Aerial view of a large lake surrounded by trees with a sunset in the background

View of Lake Chatuge from Bell Mountain in Hiawassee, Georgia. Photo by @gcalebjones

4 North Georgia Mountain Lakes and Towns You'll Love

North Georgia's lakeside destinations are ideal places to cool off from the summer heat, but they also provide ample opportunities for recreation, no matter the time of year. Rent a boat or paddleboard to get out on the water, go fishing or hiking, and relax at the end of the day in a cabin or campground. Looking for great food and unique shops? Head into nearby towns for things you can't find anywhere else.

Homes sit along a lakefront surrounded by mountains.

Lake Rabun in Clarkesville, Georgia. Photo by @southernladymag

1. Lake Rabun & Clarkesville

Located in namesake Rabun County, Lake Rabun was created in 1915 as a reservoir for Mathis Dam. It boasts 25 miles of shoreline with many vacation homes set along it. From fly fishing to ziplining, and horseback riding, outdoor adventures in the area are endless. Don’t miss the chance to hike the half-mile trail to the 100-foot-high Minnehaha Falls, one of the most popular waterfalls in North Georgia.

Clarkesville is one of the closest towns with locally owned shops, like Mark of the Potter, known for its artist-produced pottery and its picturesque location in a 1930s mill that overlooks the Soque River. Dine at Glen-Ella Springs Inn & Restaurant, a local favorite for its Southern-inspired dishes. In Clarkesville’s charming downtown, The Copper Pot serves wood-fired pizzas and craft beer.

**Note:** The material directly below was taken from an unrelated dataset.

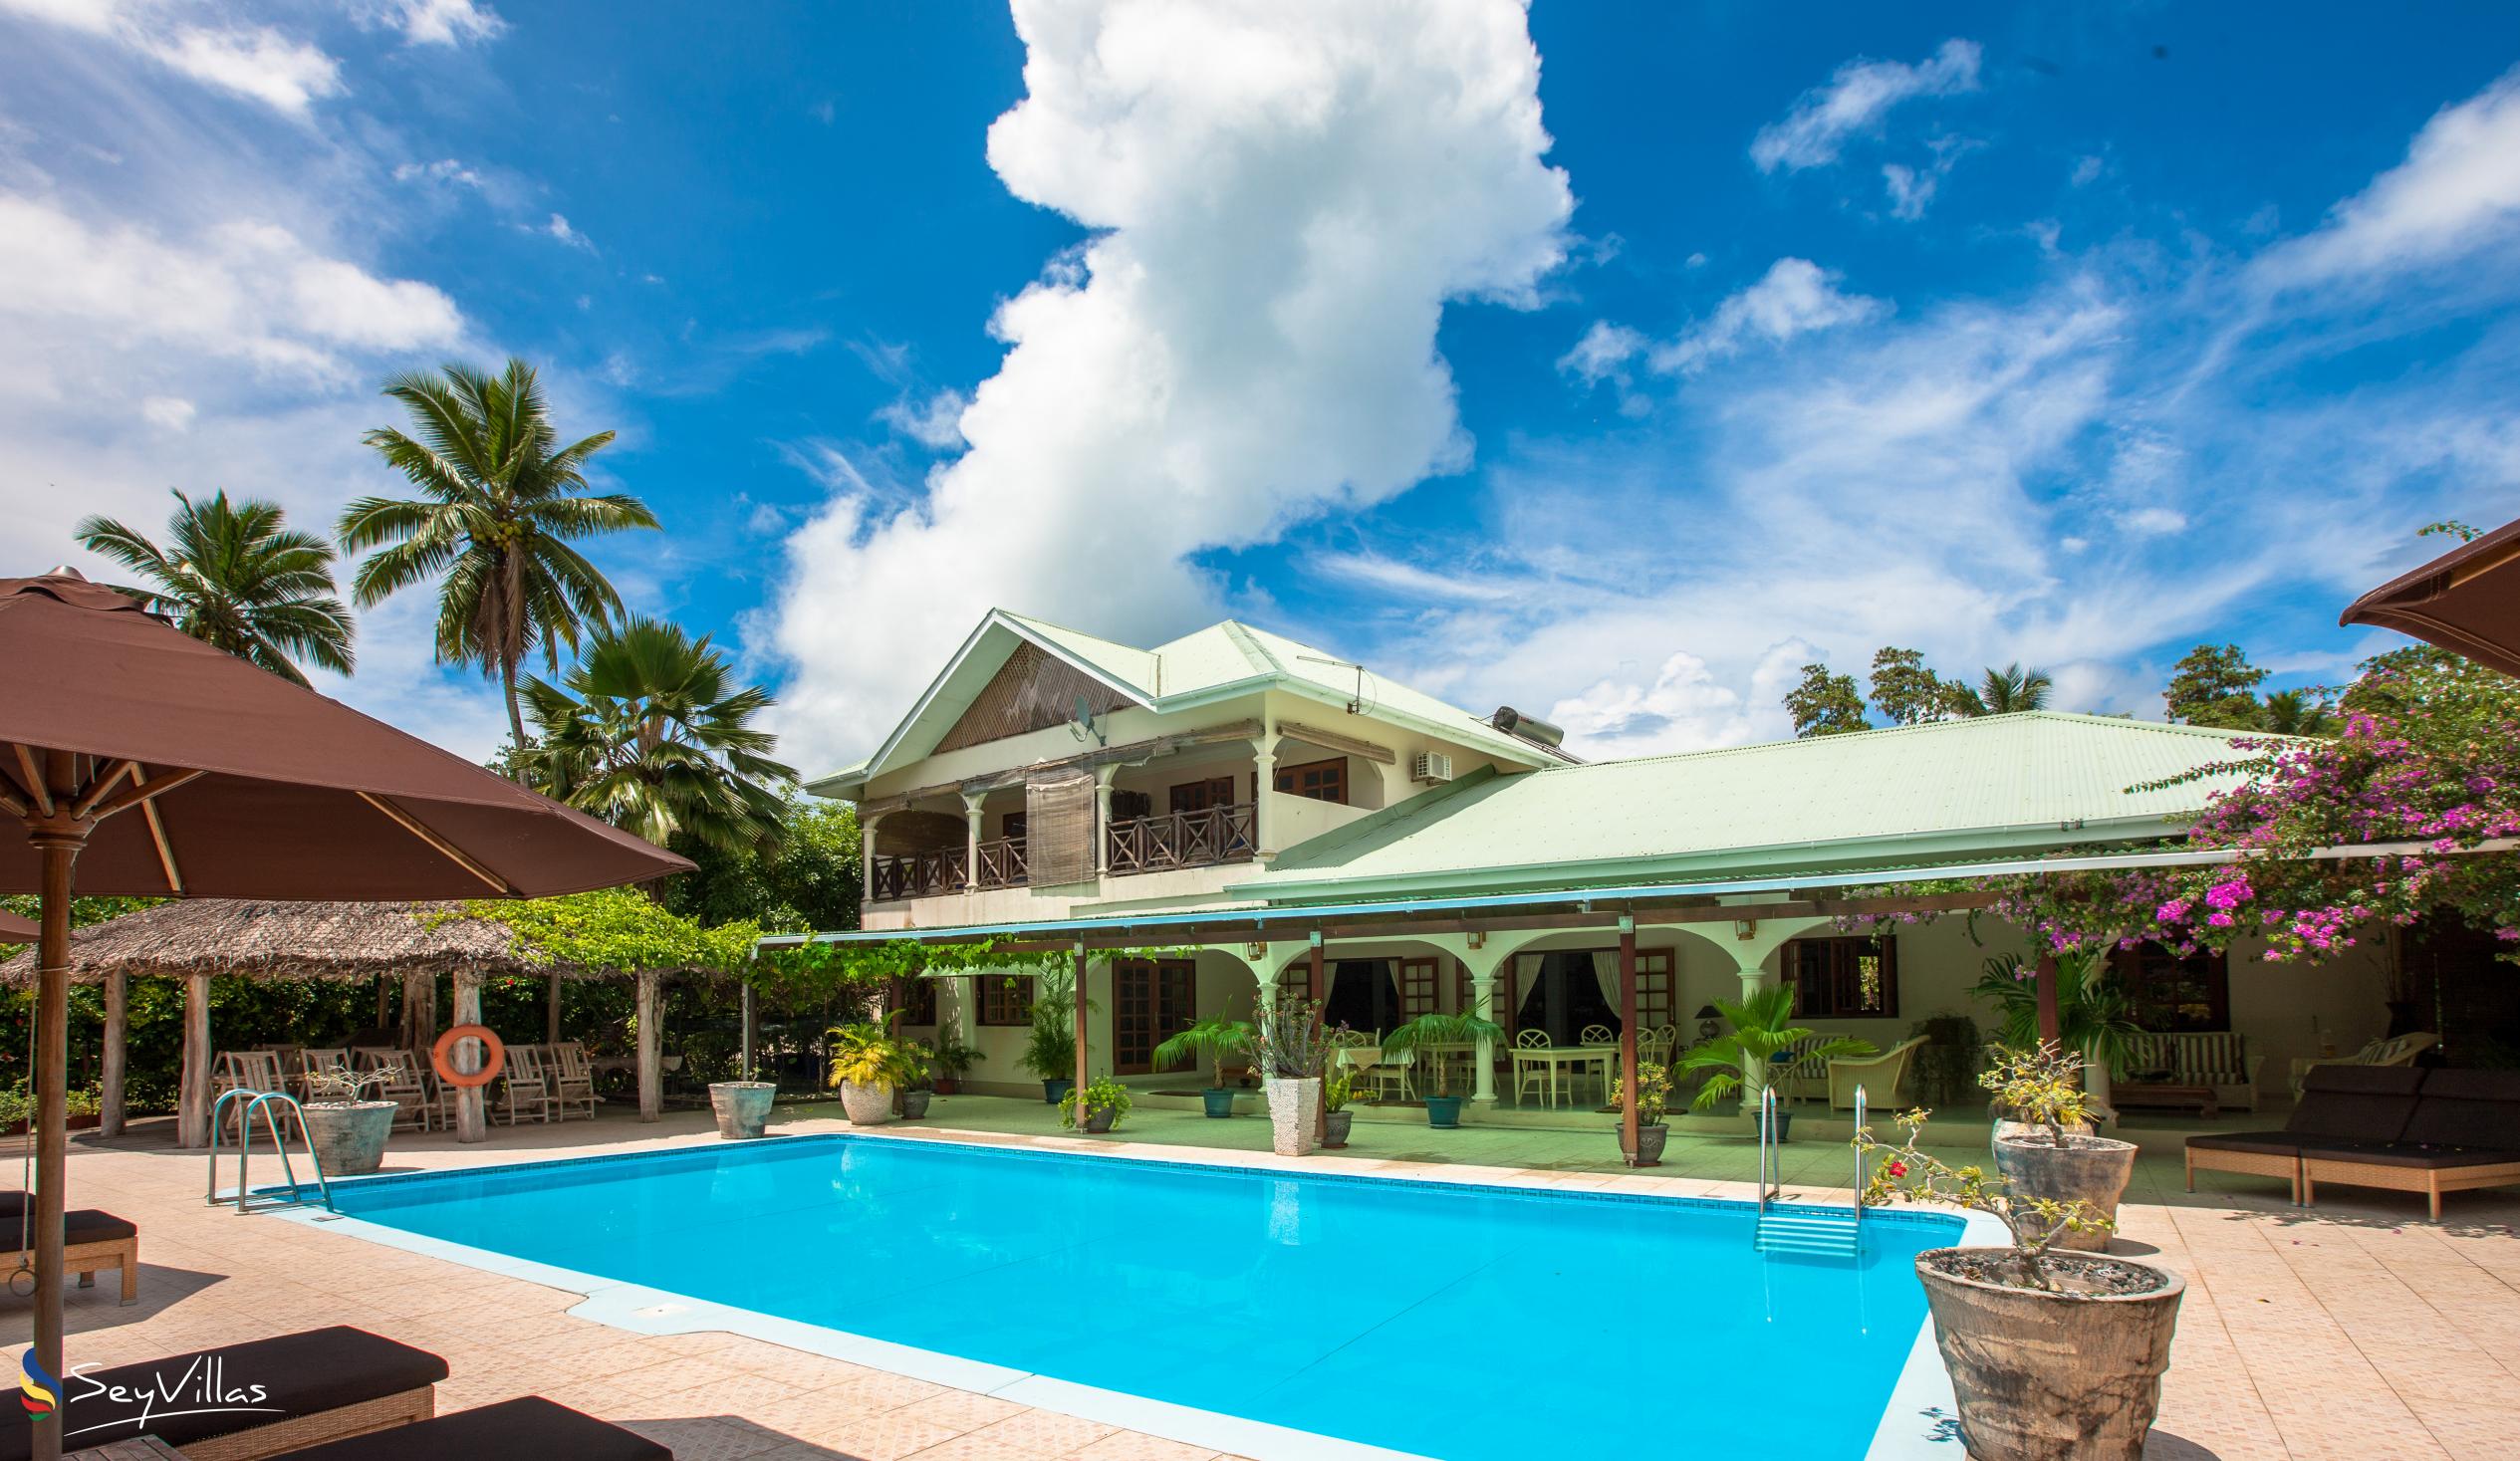 Foto 3: Villa de Cerf - Extérieur - Cerf Island (Seychelles)

Stay near the water at Lake Rabun Hotel, built in 1922, and enjoy daily breakfast and an onsite spa. Moccasin Creek State Park is another option right on the lake with campsites for tents and RVs.

Exterior of the Lake Rabun Hotel in Lakemont, Georgia
Lake Rabun Hotel in Lakemont, Georgia
Aerial view of a lake sitting in the mountains.

View of Lake Chatuge from Bell Mountain in Hiawassee, Georgia. Photo by @rossandkatieadventures

2. Lake Chatuge & Hiawassee

Created by the Chatuge Dam in 1942, Lake Chatuge encompasses more than 100 miles of shoreline that make it popular for visitors interested in boating, fishing, swimming, and watersports. Public boat ramps, a swimming beach, playgrounds, and picnic areas are all within the recreation area.

Hiawassee is the closest town to the lake, set along the Appalachian Trail. Here, visitors can explore the lake as well as nearby trails, including at Hamilton Gardens at Lake Chatuge, a botanical garden with more than 3,000 plants, like dogwood, native azaleas, wildflowers, trillium, and rhododendron. Hike to Bell Mountain Park for a 360-degree view of the lake and surrounding mountains.

While you’re here, visit Brasstown Bald, Georgia’s highest point at more than 4,000 feet. It’s accessible by a drive to the visitors center, followed by a paid shuttle or steep walk to the observation tower.

Sundance Grill is a favorite place to start the day, open for more than 20 years, and serves breakfast through the afternoon as well as lunch and dinner. The Oaks Lakeside Kitchen at The Ridges Resort is right on the water, allowing for boaters, and serves dishes like sweet tea-brined fried chicken, and shrimp and grits.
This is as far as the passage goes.